First, though, I should discuss the performance that’s contained on this new CD. I very much admire the patience with which Barbirolli unfolds the opening Moderato. Furthermore, the Hallé plays it very well. When the music speeds up (8:30) there’s much greater urgency in the performance, as there should be, and Barbirolli gets very intense playing from the orchestra. The subdued ending to the movement is well done and it was nice to hear some excellent solo violin solo work from the orchestra’s leader, Martin Milner (1928-2000). He led the Hallé with distinction from 1958 to 1987 and I well remember seeing and hearing him in action many times. He makes some pithy contributions to the second movement, too. That movement is well energised by Barbirolli.

For me, the highlight of the performance is the Largo. The patience and concentration that was in evidence in the slow episodes of the first movement is even more apparent here. The performance is both deeply felt and searching. The main climax (8:36 - 9:19) is very powerful and a number of foot stomps – presumably by the conductor, willing the orchestra on – can clearly be heard. The passage that follows this climax is played with particular intensity. In this movement it is the strings that carry the principal musical burden and the Hallé strings really dig deep. The playing isn’t entirely flawless but it’s very convincing. This is a memorable account of the movement. The finale is launched with abundant drive. The performance is exciting but I just wonder if things are a bit too hectic at times. The slower central section (3:27 – 6:40) is well done and I particularly admired the fine horn solo at the start of this episode. I was glad to find that Barbirolli doesn’t pull out the closing peroration (from 8:02) in an excessively rhetorical fashion; instead, he maintains momentum throughout.

There is some lack of polish in the playing, especially by comparison with today’s standards, but I don’t think that matters at all. This is a very fine performance of Shostakovich’s most popular symphony and any small orchestral frailties along the way can’t and don’t detract from us. I referred to this as the composer’s most popular symphony, and so it is – nowadays. However, in 1963 I don’t believe that the Fifth was quite as well-known in the West as is now the case. Barbirolli was enterprising in selecting it to add to his repertoire. In one of the appendices to his book, Barbirolli. A Chronicle of a Career (review), Raymond Holden lists no fewer than 22 performances of the Fifth, given between January 1963 and the conductor’s death in 1970. The only other symphony he played was the First, given seven performances, presumably all of them after 1963. In all honesty, I doubt many of the Soviet master’s symphonies would have been natural JB territory – it’s hard to imagine a Barbirolli-led ‘Leningrad’ for instance – though on the evidence of his way with the Fifth I’d have been interested to hear him in the Tenth.

I said earlier that I was glad that collectors have the choice between the two recordings of Barbirolli in the Shostakovich Fifth, even though these were made just weeks apart.

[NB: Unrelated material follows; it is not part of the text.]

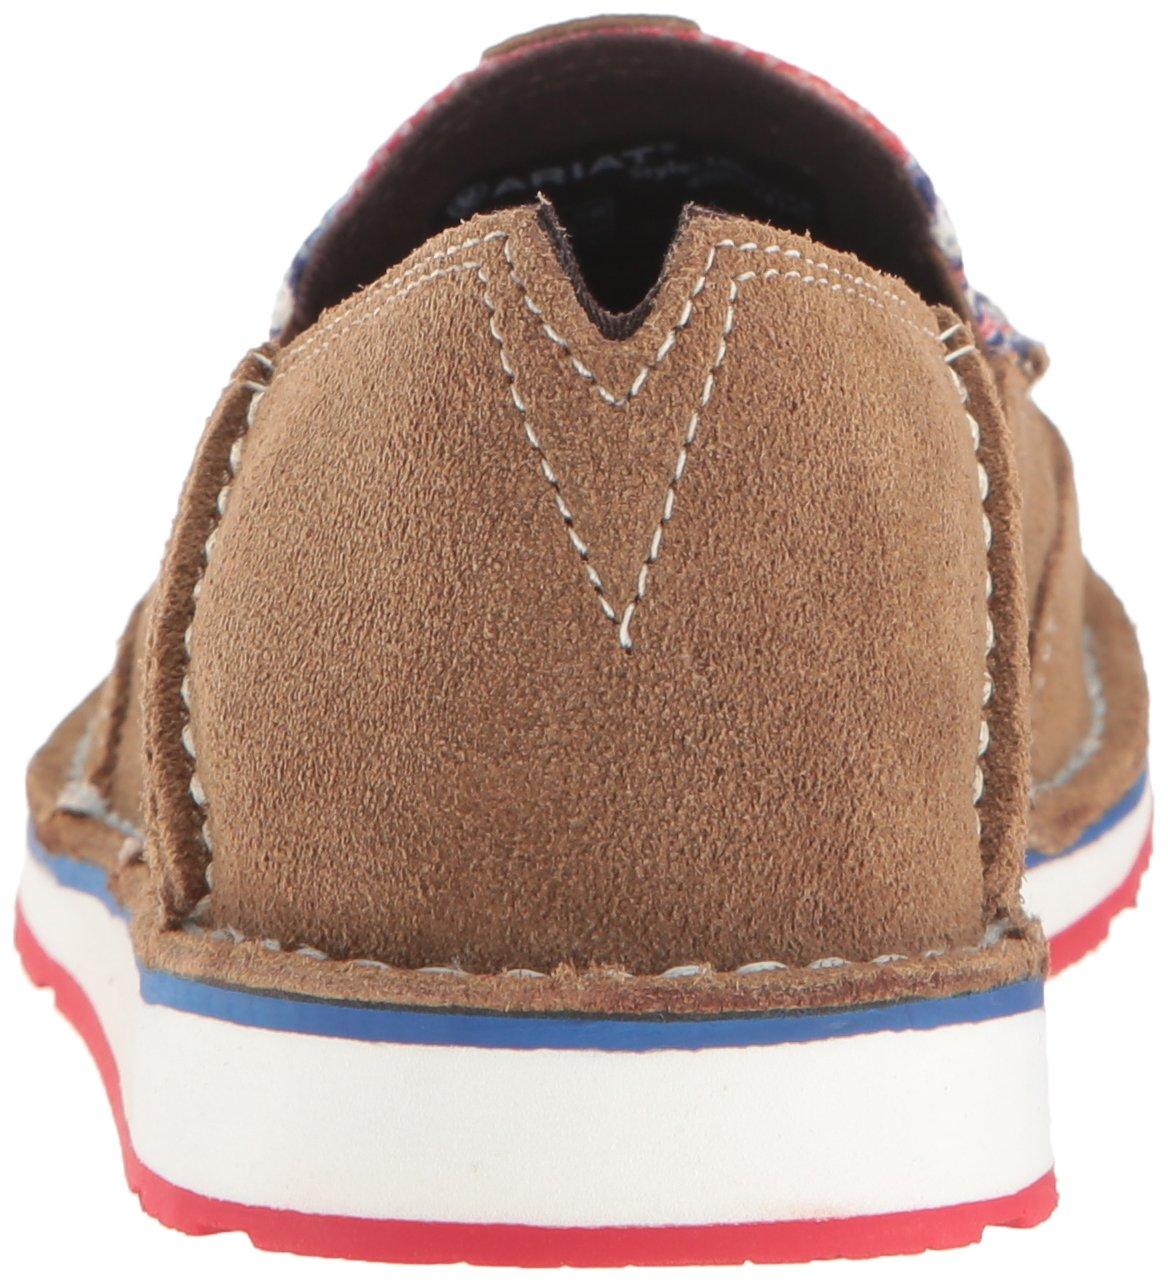 Ariat Women's Cruiser Slip-on Shoe B01MRBJ25I 5.5 B(M) US|Dirty Tan Suede

If you already have the BBC Legends disc, the question is whether you should invest in this new release. My unequivocal advice is that you should, for two reasons. One is that this disc contains a notable performance of Tod und Verklärung, which is otherwise unavailable. As for the symphony, I think the February performance bespeaks slightly greater experience with the work. However, I did A/B comparisons and I’m convinced that the sound on this Barbirolli Society release is superior. The BBC Legends recording sounds a bit boxy and shrill; at times the sound is rather aggressive. By contrast, there’s much more space round the sound of the orchestra in the January performance. I don’t know the precise venue for the February performance but the Free Trade Hall yielded much more satisfactory results in January. I don’t know what source Ian Jones had for his transfer but his remastering job for the Barbirolli Society is very successful. These recordings are 56 years old now and I was much more conscious of the age factor when listening to the BBC Legends disc.

Admirers of Sir John Barbirolli should certainly seek out this release, especially for his probing account of the Shostakovich.